As I rewrite this lost post I am taking a different tone to the description since I don't think my last review gave the few of you who got to read the whole thing a real sense of the playfulness of this piece of literature.
Telling the story of Jennet Stearne is a scientific treatise written in Latin, Sir Isaac Newton's "Philosophiae Naturalis Principia Mathematica." As the story opens Jennet is studying science and philosophy with her beloved aunt. Her father is a noted witchfinder. Tragedy strikes when her aunt is accused of witchcraft and her father's zeal for his profession leads him to have her burned at the stake. Jennet spends the rest of her life trying to scientifically prove that demons do not exist in the rational world. Her destiny, it seems, is to end the witch trials forever. During her life she immigrates to America and interacts with a wide variety of famous personages including having a romance with no less than Ben Franklin although she always lets go of the people in her life in order to continue her quest.

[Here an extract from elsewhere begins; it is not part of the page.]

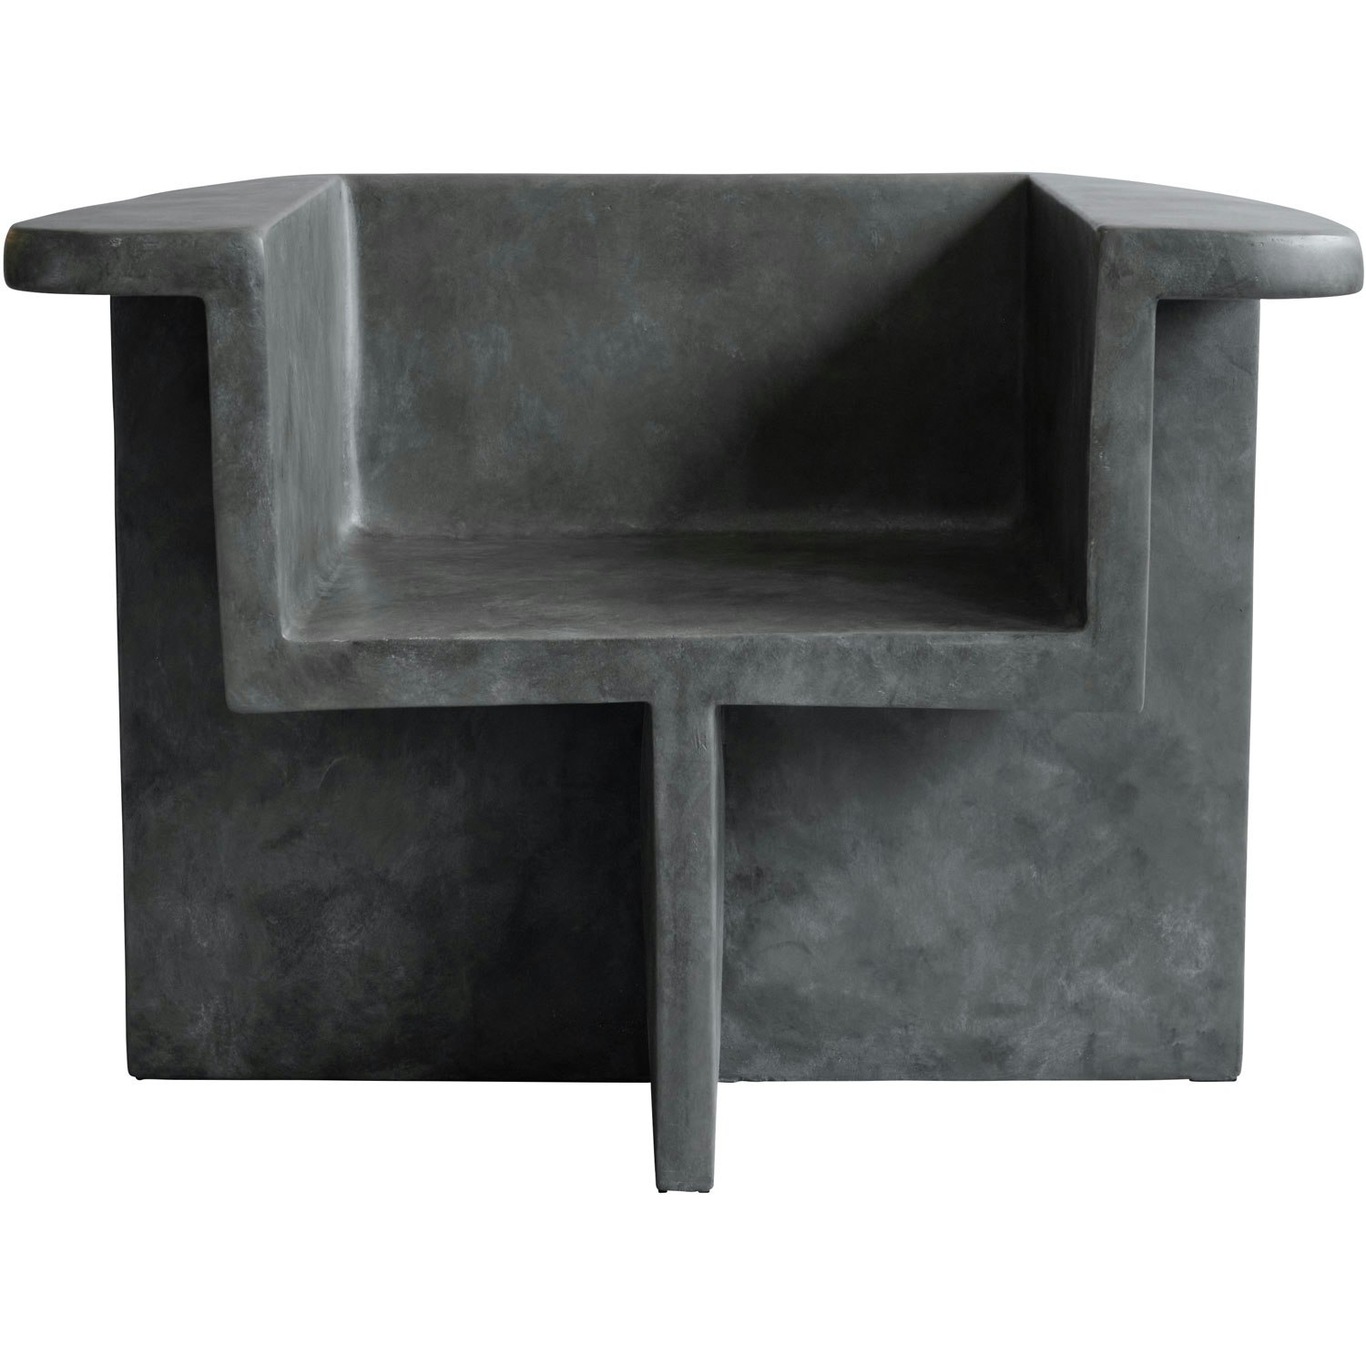 Brutus Lounge Chair, Dark Grey

The best thing about this book is that all of the events are conveyed with a slightly fantastical air to them that gives this book a slightly surreal edge.
This is one of those books that would (in the normal course of things) cause me to go out and find biographies on Newton and Franklin as well as some of the works cited during the course of the book to see where fact leaves off and supposition begins. With my current reading constraints I can't do that so I will have to rely on my memory and say that, without doing some fact checking this book seems to be quite historically accurate and even the fantastical elements have elements of truth. The author also is quite clever and plays with words in humorous and inventive ways. I really enjoyed this book and recommend it for the more adventurous among you. (Being well-read doesn't hurt either.)